I was seeing cases where nContacts was 0, 1 or 2, which is just incorrect, but again I've gotten rid of that now - it was basically me querying improperly as I suspected.

As for the number of contacts with a positive force value, that's of less importance to me. For now, what I want is just:
* Contact manifold geometry, e.g. the shape of the contact patch
* Total force acting between the bodies; not per-contact and not torque

so I should be all right, I think. Except I'd prefer the entire manifold, not just a 4-point approximation, but I'm hoping it will do for my purposes.

As you say, solving for forces is an underdetermined problem with perfectly rigid bodies and as few contact forces as 2 can be a solution for a box on a plane. It seems unstable, though - is it likely to occur in practice in Bullet? Provided the box has been bouncing around and such. What I see now are 4 non-zero forces - not always all equal. As long as the sum is OK I'll be fine.

Question: I'd guess slight perturbations might help fill out the contact manifold - is that correct? Anyone tried it? (This is done under the hood already, isn't it?)

[Dirk Gregorius]

Pertubation is one way to go and I think there is some support for this in Bullet. Maybe experimental - I am not sure. Maybe Erwin can answer this. The other solution is clipping. Basically you find the two most parallel faces on each shape to the current separating axis and clip one face against the side planes of the other.
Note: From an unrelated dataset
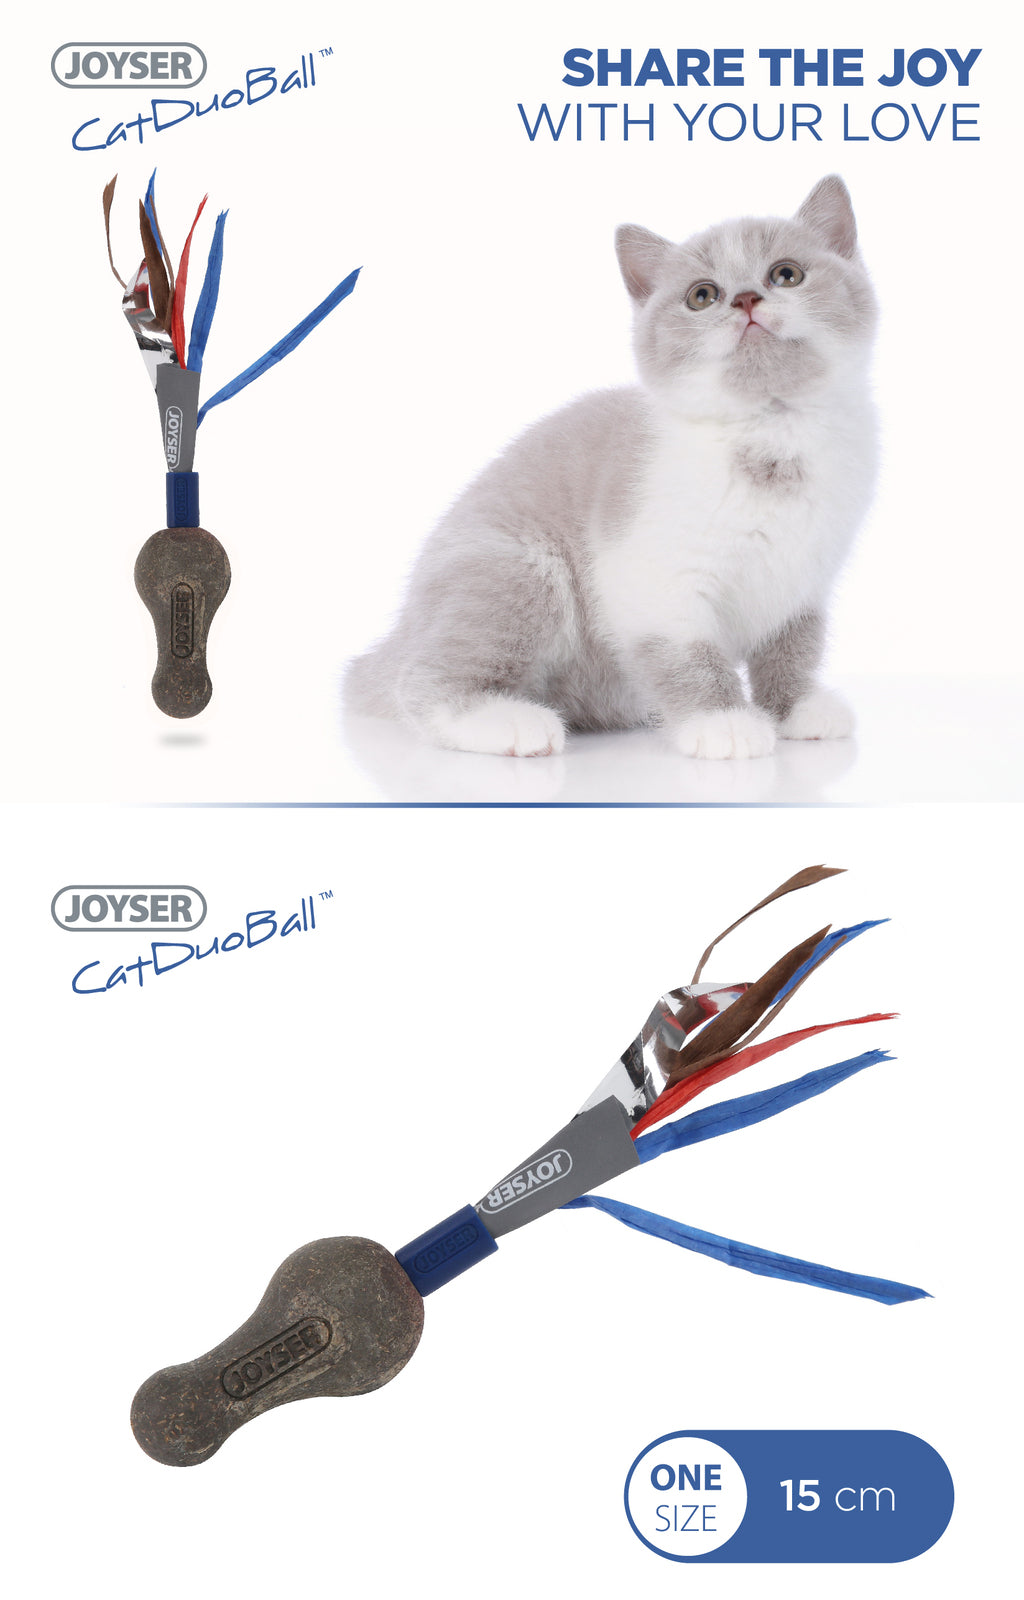 JOYSER Cat Toys Catnip Duoball With Crinkle Paper

Jan Bender should have something like this here:
http://www.impulse-based.de/

IIRC he also uses Bullet so you can maybe hijack this directly for your needs.


Erin Catto has written about this as well. Look through his GDC presentations here:
http://code.google.com/p/box2d/downloads/list

Most presentations are about constraint solving, but one is particulary about contact creation (around 2007).